EUROPEANS ARE keen users of the internet, but you would not know it looking at a list of the world’s biggest companies peddling stuff and services online. The continent’s failure to spawn an Amazon or Alibaba—the top 20 most valuable internet firms are either American or Chinese—has long been a blemish on Europe’s collective self-esteem. That will soon change. On March 25th Naspers, a South African media group, announced it would spin off a company made up of its investments in tech firms and list it in Amsterdam. Europe, at last, will have a tech giant of its own.
Sort of. The new firm will certainly be big: analysts expect NewCo, as the outfit is being dubbed until branding consultants come up with an even less inspiring name, will boast a market value of around $100bn. But what would be Europe’s second-biggest technology firm (see chart) will have little to do with Europe or its consumers. Most of its value will be down to the purchase in 2001 by Naspers of one-third of Tencent, a Chinese group best known for its ubiquitous WeChat app, for $32m. The 31% stake it still owns is now worth $133bn.
Naspers, which started out as an Afrikaans newspaper group a century ago, has since gone on to invest in a host of startups, mostly in emerging markets. The runaway success of Tencent has created an enviable headache: Naspers has become too big for the Johannesburg stock exchange, where it now makes up a quarter of the local index. Such scale requires foreign investors, not all of whom are keen on South Africa’s currency and political risk. Amsterdam, where Naspers already has staff, has similar listing requirements to Johannesburg.

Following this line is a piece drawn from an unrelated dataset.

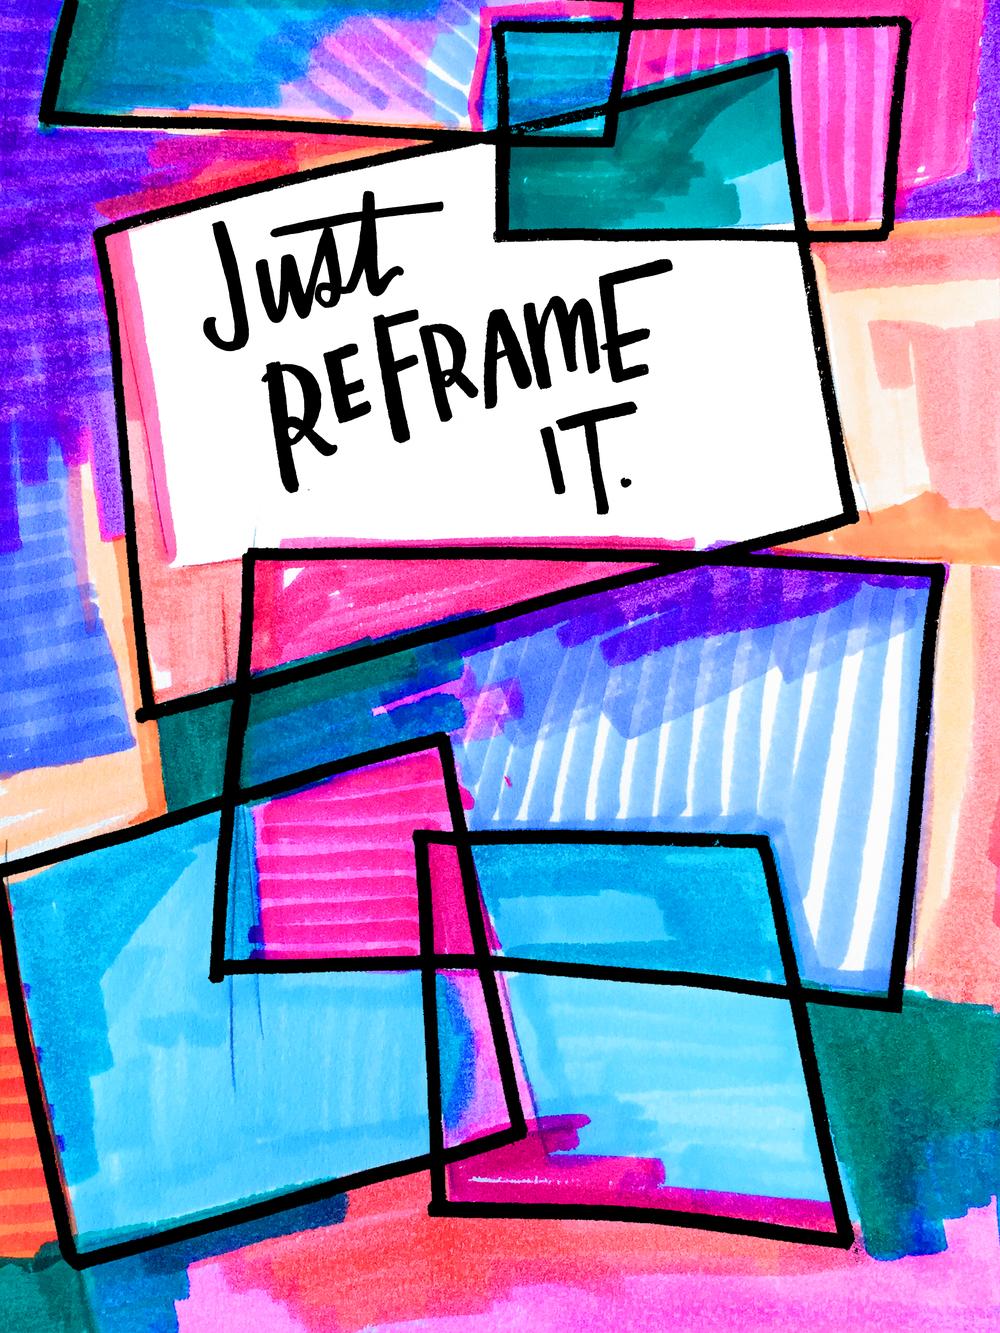 2.2_Reframe.jpg

Splitting the group and relocating part of it to Europe should help close the gap between the value of the stakes in businesses Naspers owns, such as Tencent, and its market capitalisation, which is lower. By the company’s own reckoning, the discount has widened from around 25% four years ago to over 40%. Some of this is inevitable: Naspers couldn’t sell its stake in Tencent without paying taxes, for example. But it looks embarrassing for executives when investors ascribe little value to anything other than its star equity holding.
Others know the feeling. SoftBank, a Japanese conglomerate, owns just under a third of Alibaba but gets (in its view) insufficient recognition from investors for its other businesses, like Sprint, an American telecoms firm, or a holding in a $100bn venture-capital fund that has rained money onto fashionable startups. Yahoo, an internet pioneer, has been renamed Altaba, a portmanteau of “alternative Alibaba”. By the time Yahoo’s bosses sold its operations to Verizon in 2017, keeping mainly its Alibaba stake, investors treated the stock as a back door to the Chinese firm.
Naspers has no plans to go that far. It will retain 75% of NewCo when it lists it later this year, and has not given up trying to replicate its Tencent jackpot. An investment in Flipkart, an Indian online retailer, made handsome returns when that firm was sold to Walmart last year, for example. The next wager on Europe, anyone?